= Beginning of Section =

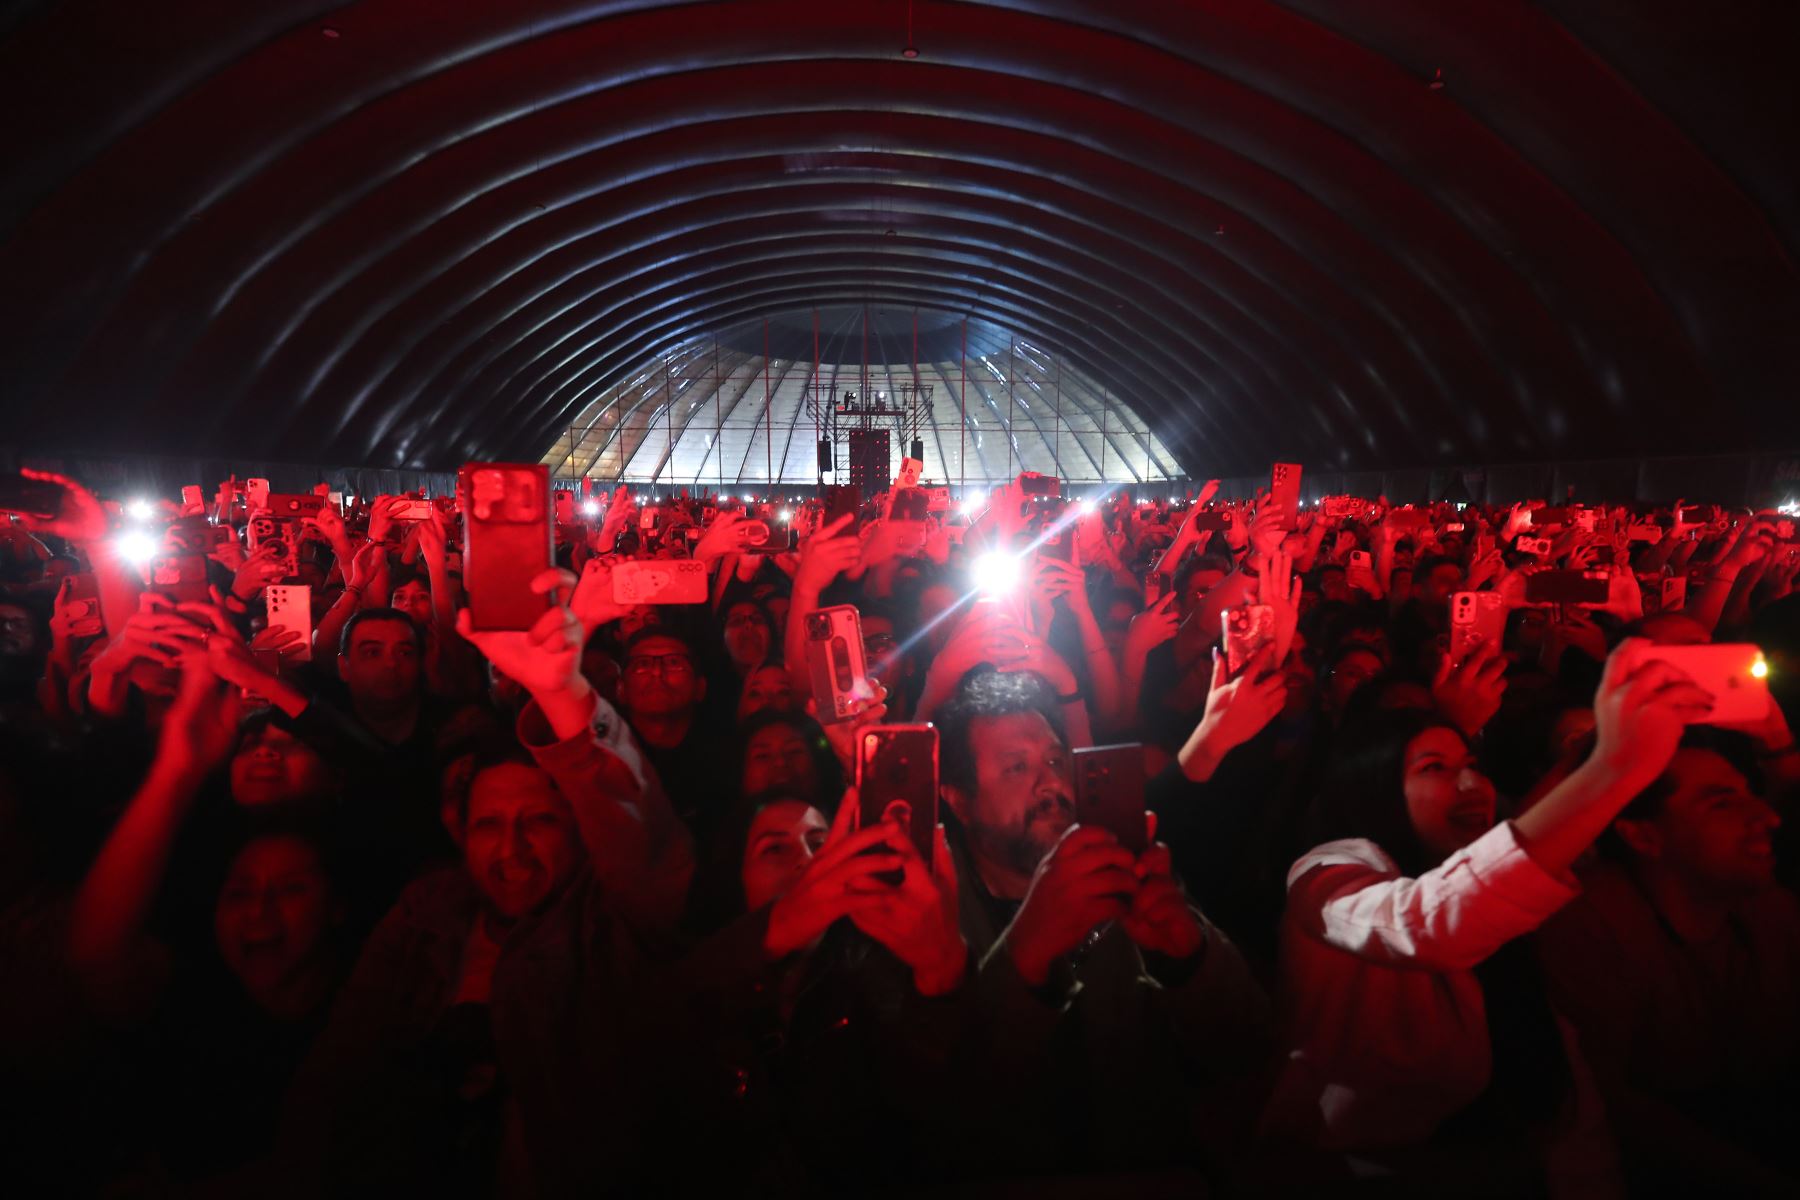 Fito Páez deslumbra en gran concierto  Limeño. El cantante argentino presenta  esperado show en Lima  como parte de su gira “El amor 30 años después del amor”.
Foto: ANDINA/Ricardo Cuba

= End of Section =
= Beginning of Section =

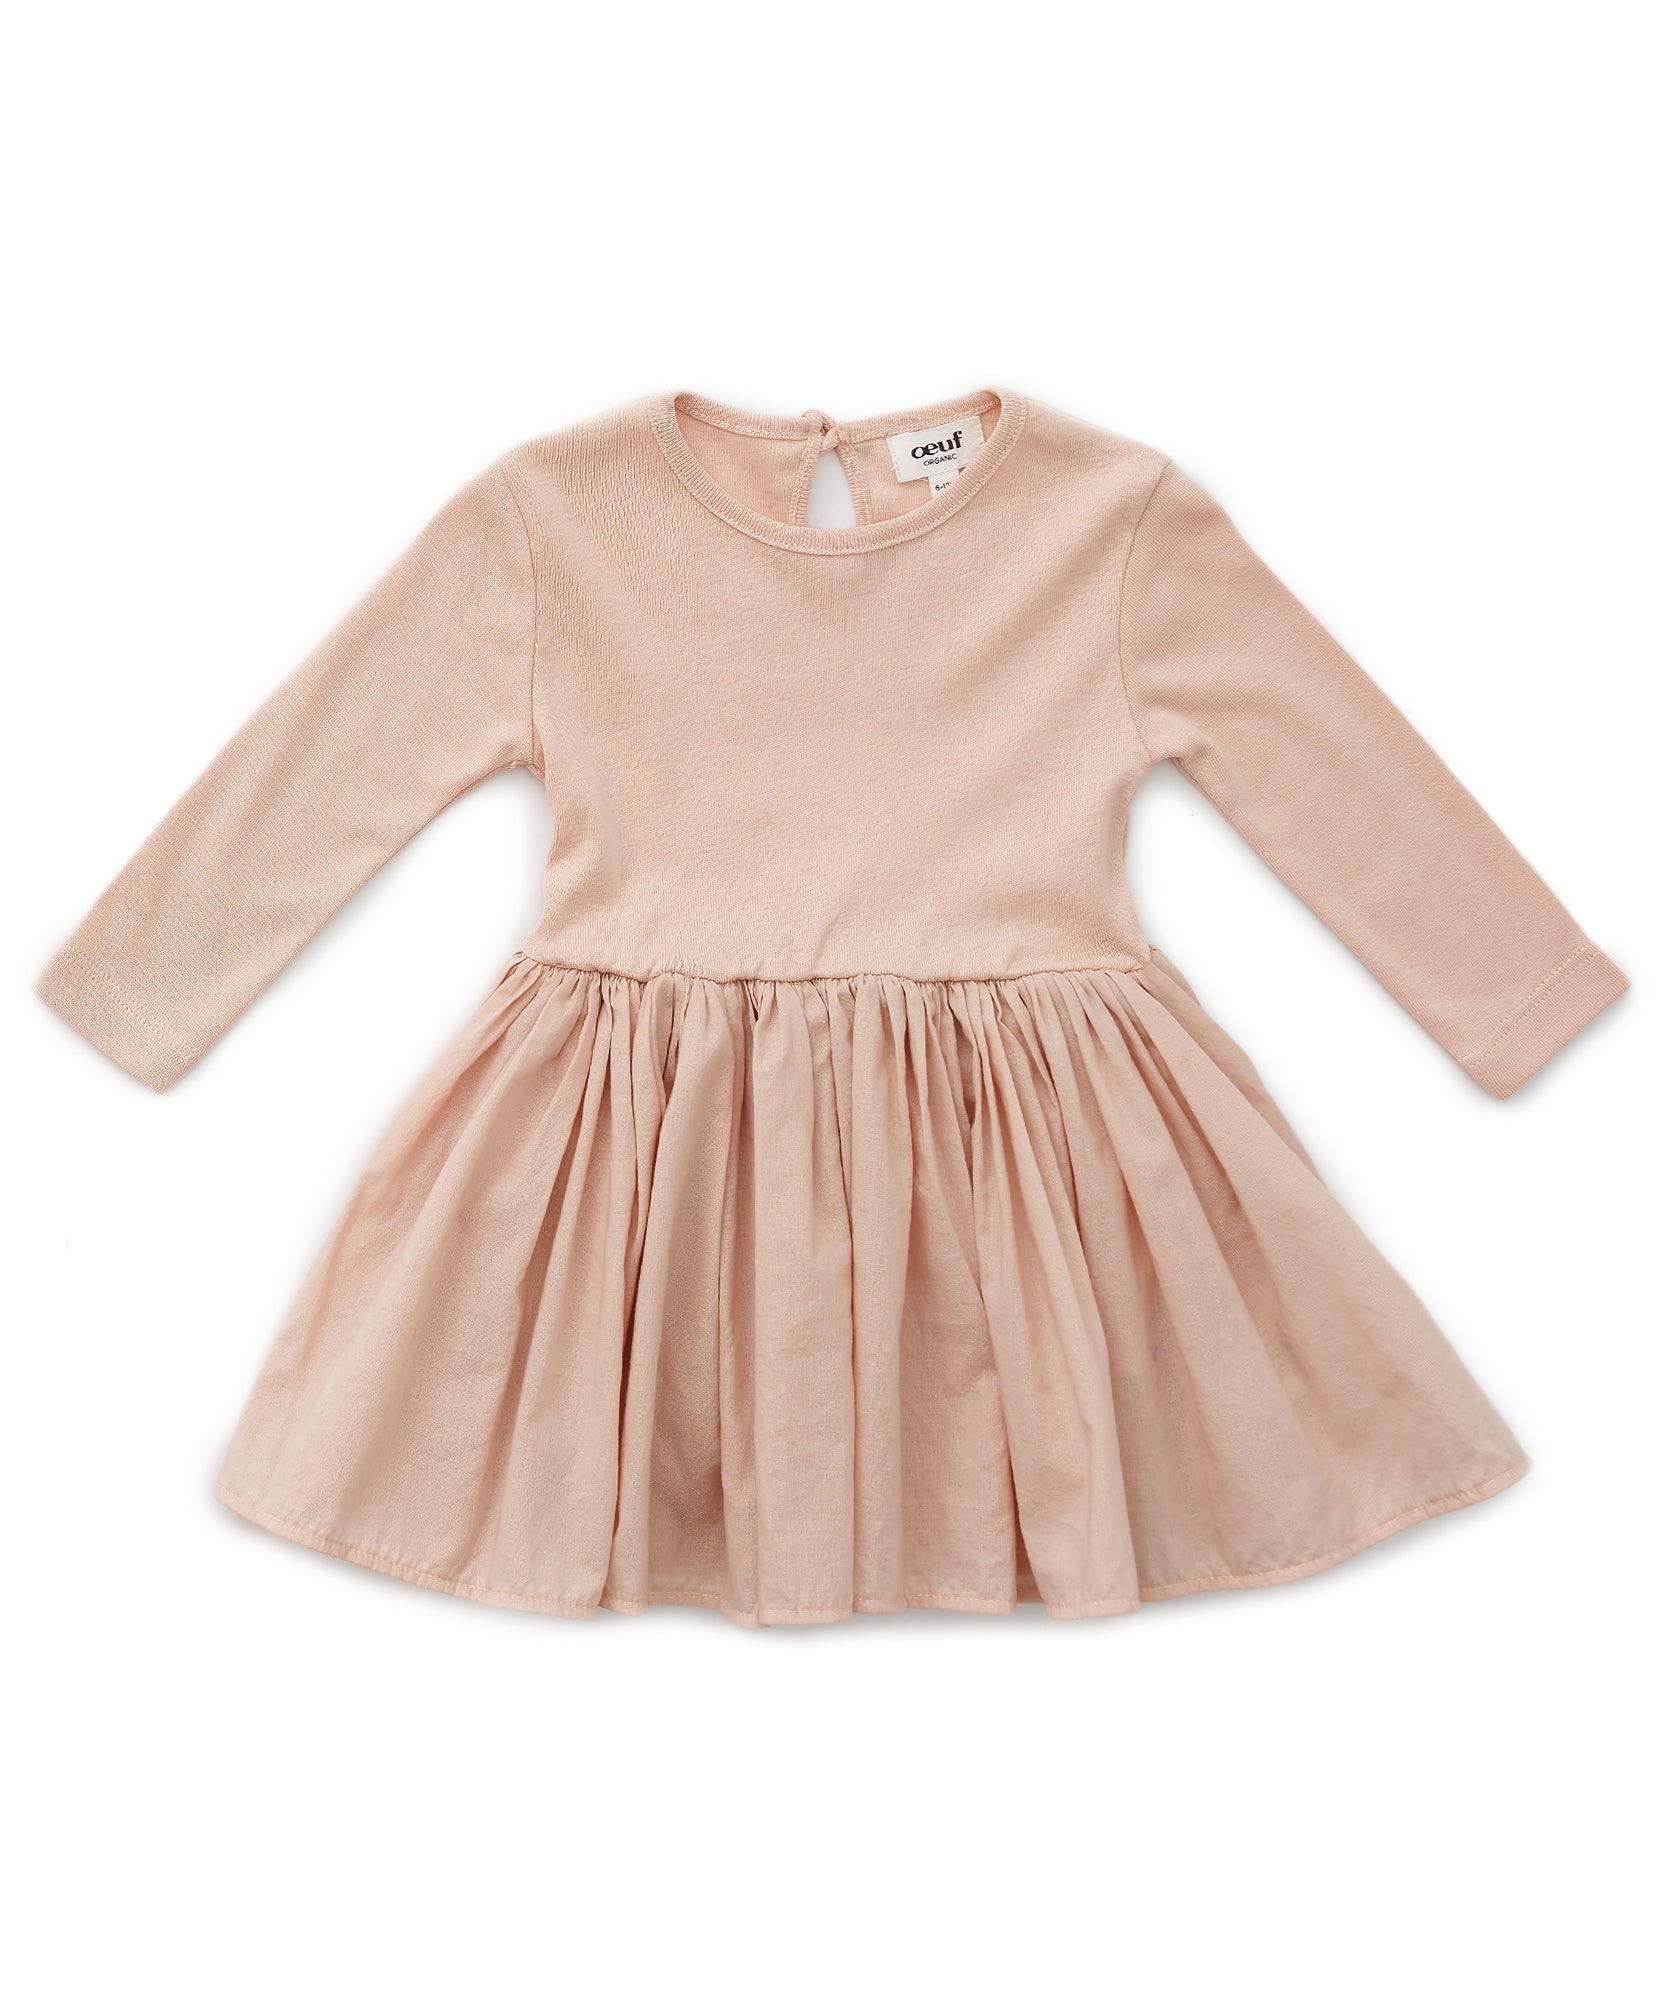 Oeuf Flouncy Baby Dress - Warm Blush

= End of Section =

Task brief —
Both boundary lines included, write out word for word only the lines above from the one containing "Fito Páez deslumbra" to the one containing "Foto: ANDINA/Ricardo Cuba", leaving out any pictures.

Solution for this task —
 Fito Páez deslumbra en gran concierto  Limeño. El cantante argentino presenta  esperado show en Lima  como parte de su gira “El amor 30 años después del amor”.
Foto: ANDINA/Ricardo Cuba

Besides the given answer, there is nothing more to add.